The impatience with overly complex products and fine print was well-taken, but the idea was wholly unworkable. Unless we were willing to break our rule against fixing prices in the bill, there was no way to ensure that the mandatory offering was a real choice for consumers. In addition, deciding what was and was not unnecessary complexity would require intruding too far into the affairs of the affected businesses. (It was also unwisely named. I could not resist pointing out to administration advocates that highlighting the virtue of a product by labeling it “plain vanilla” was hardly the best way to promote it to a committee that had more African American and Hispanic members than any other in the House.)
The Chamber of Commerce and other opponents used their dislike of the plain vanilla proposal to camouflage their opposition to any significant improvement in consumer protection. Making clear that it would not be included was a prerequisite for holding on to the votes I needed to keep an independent CFPB in the bill. And I had to do this quickly. A simplistic view of the legislative process suggests that it’s wise to load up an early version of a measure with provisions you are ready to bargain away. This ignores the dilemmas of legislating in the era of instant communication. On contentious high-profile issues, public pressure forms quickly, and representatives must take a stand soon. Even if a controversial provision is removed from a bill, members rightly worry that those to whom they’ve promised a no vote won’t grasp the change.

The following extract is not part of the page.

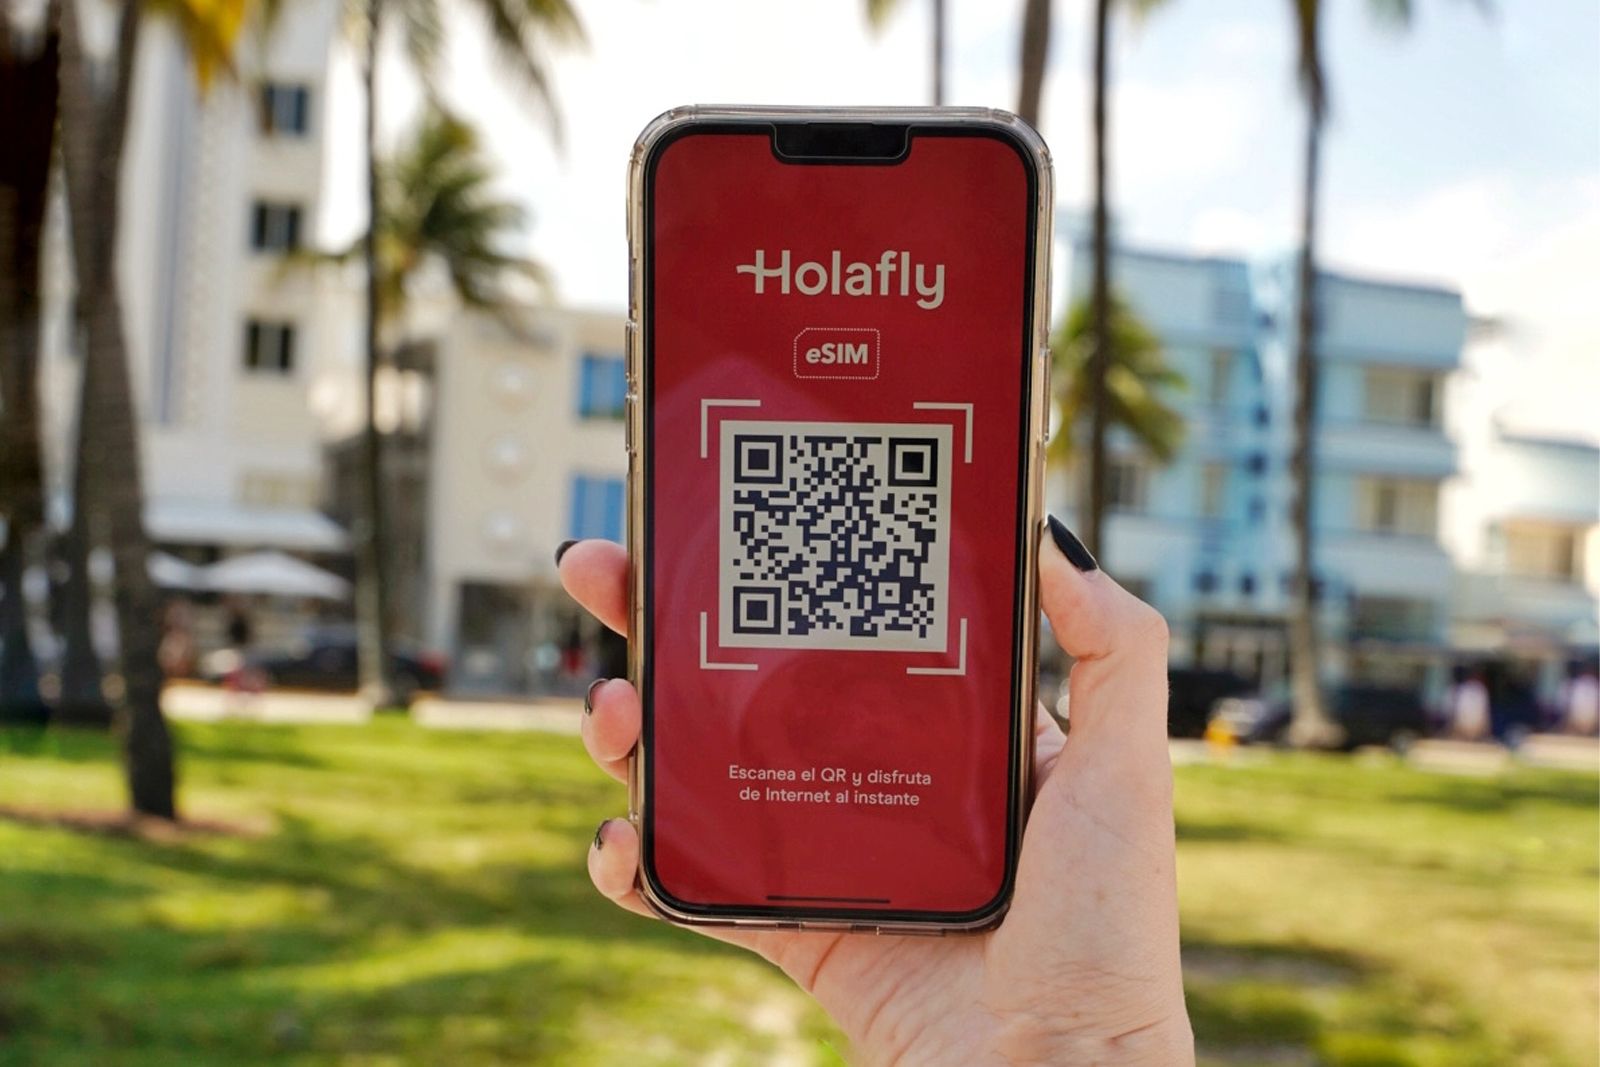 How to use an iPhone in the USA with an Holafly eSIM photo 2
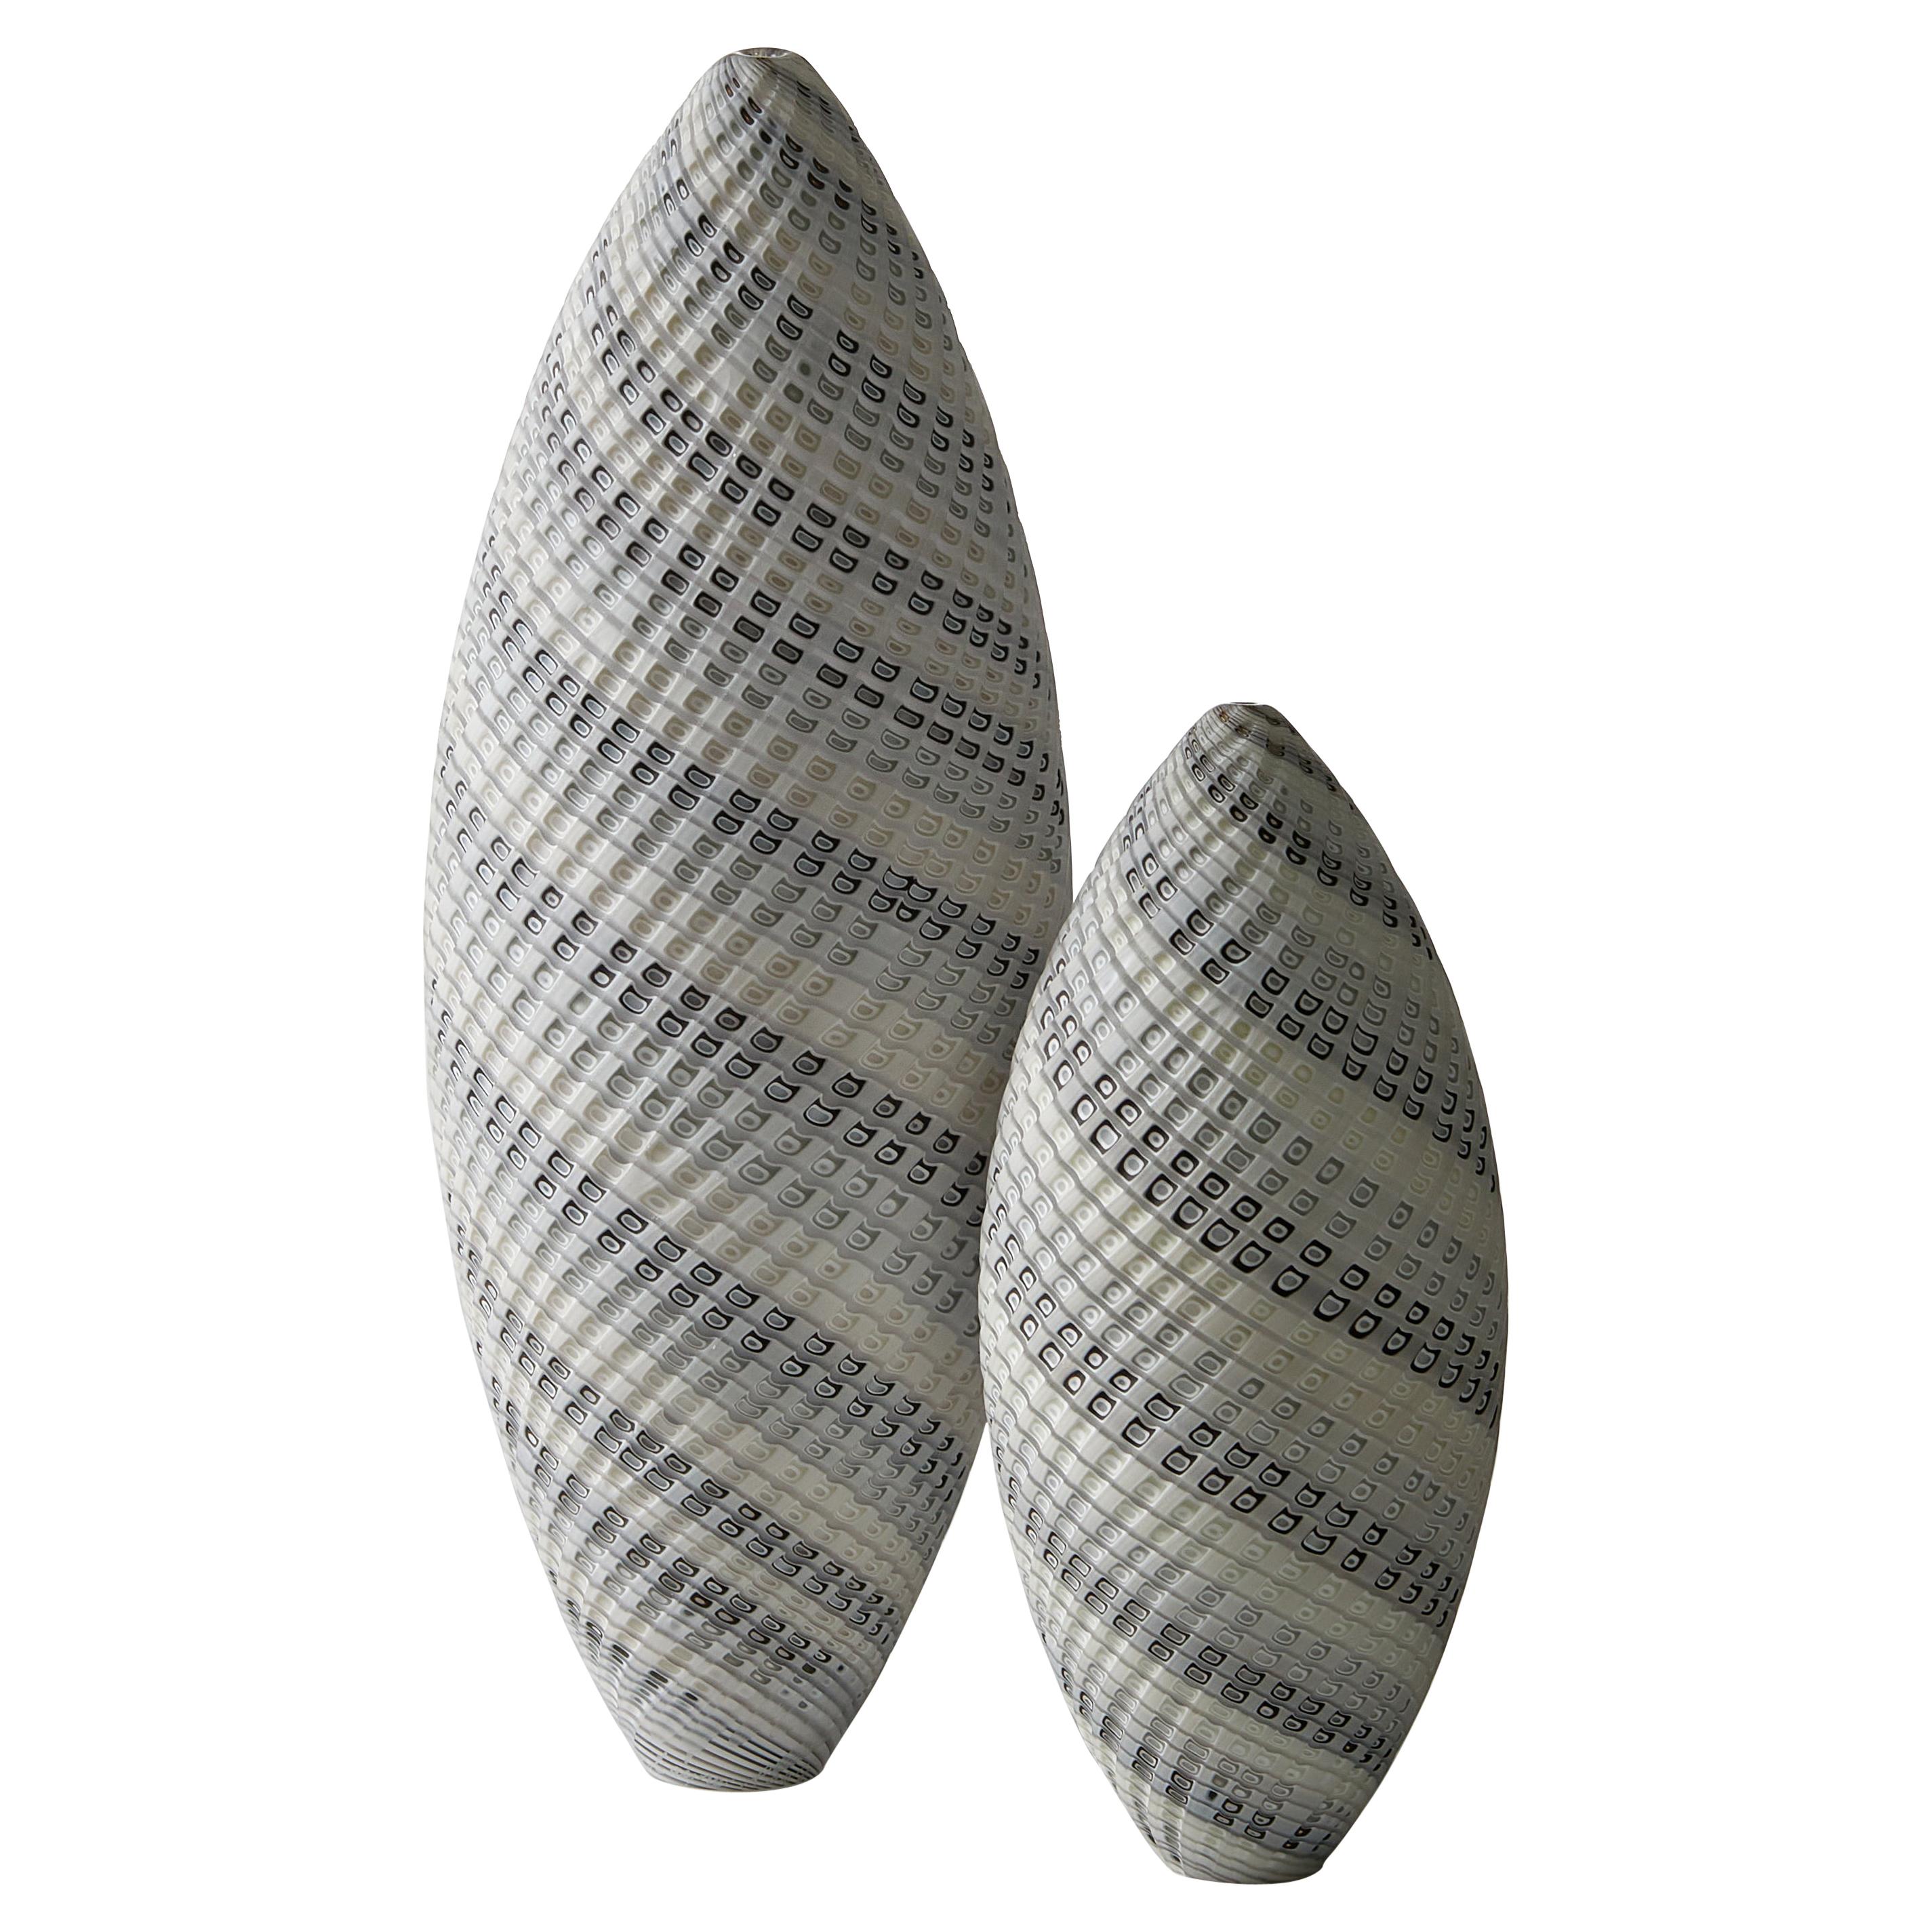 Woven Two-Tone White Pair, an Organic Textured Art Glass Duo by Layne Row

My first step was to approach Elizabeth Warren to explain my position. I did so a little nervously, because I did not yet know her well, and I had encountered what seemed to me knee-jerk support for the idea from some other consumer advocates. Happily, I learned right away that her brain works much more quickly than her knee. She told me that she agreed with my reading, which meant that it would be hard for anyone else to accuse me of selling out the cause.
With this obstacle to creating the CFPB eliminated, another roadblock remained. Many community banks were complaining to their representatives that the new consumer bureau would add to administrative burdens that were already excessive. Here I believed a compromise was possible.
I asked Camden Fine, CEO of the Independent Community Bankers of America, to meet. It seemed to me that his membership’s real concern was not with the substance of any new rules the consumer bureau might promulgate but with the need to submit to the bureau’s regular examinations. “Examination” is a term of art in the banking world. It refers to regulators coming to a bank on a periodic basis and thoroughly inspecting all its activities. For small banks, with few executives, setting aside the time for this has real costs, reducing the attention they can give to their basic duties. The prospect of another set of these meetings every year was disturbing to small banks. But given the nature of their business, they had much less to fear from the new regulations themselves, which would almost certainly have more impact on large institutions engaging in complex transactions.
And so I suggested a compromise to Fine: We would write the laws so that the bureau’s rules applied to all banks, but we would also exempt institutions with less than $10 billion in assets from its examination powers. Instead, the local banks would remain under the scrutiny of their regular examiners. Fine agreed that this made sense, and he persuaded his board to remain neutral in the fight over the agency.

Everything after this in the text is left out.